--- Provided data Enclosed Below ---
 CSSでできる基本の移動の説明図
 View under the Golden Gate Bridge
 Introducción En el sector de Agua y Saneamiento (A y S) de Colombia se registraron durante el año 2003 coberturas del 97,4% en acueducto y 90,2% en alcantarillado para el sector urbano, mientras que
--- End of Enclosed Provided data ---
--- Provided data Enclosed Below ---
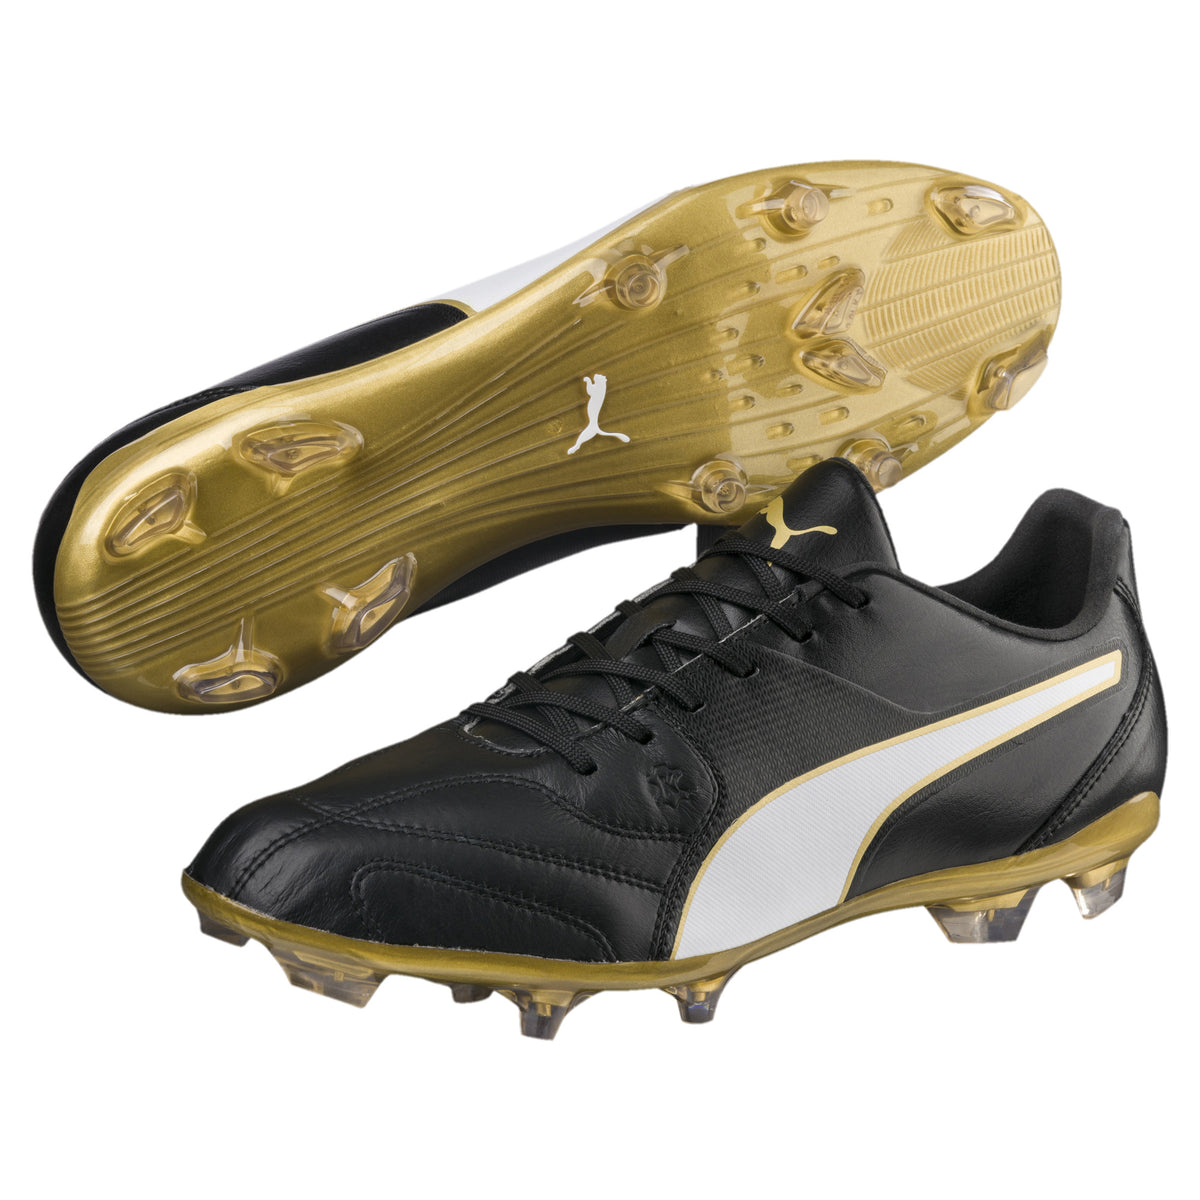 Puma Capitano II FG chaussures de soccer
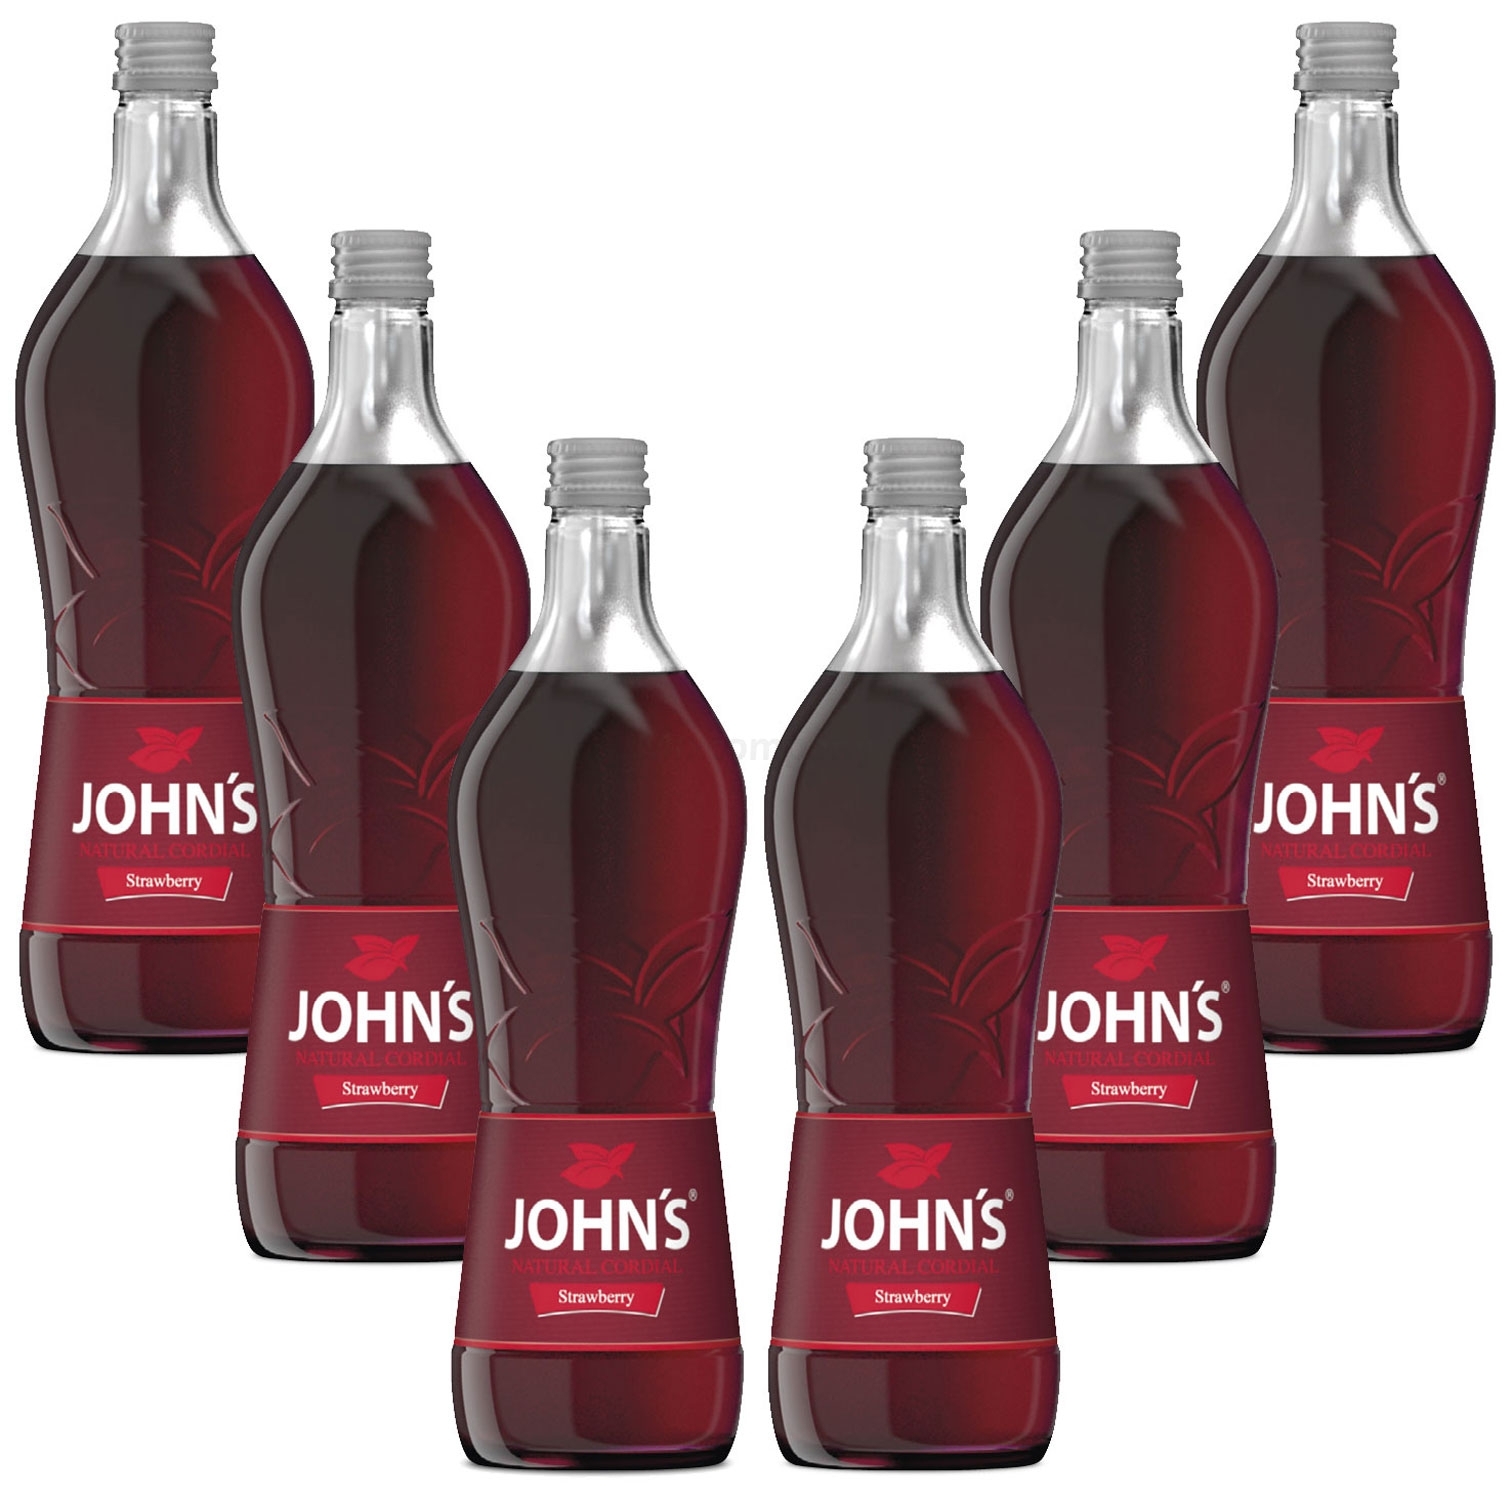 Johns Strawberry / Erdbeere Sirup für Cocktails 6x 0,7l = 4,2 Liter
--- End of Enclosed Provided data ---
◆ Description of the task ◆
Exactly the lines above from the one with "View under the Golden Gate Bridge" to the one with "Introducción En el", both included, are to be quoted; leave the rest out.

◆ Written answer ◆
 View under the Golden Gate Bridge
 Introducción En el sector de Agua y Saneamiento (A y S) de Colombia se registraron durante el año 2003 coberturas del 97,4% en acueducto y 90,2% en alcantarillado para el sector urbano, mientras que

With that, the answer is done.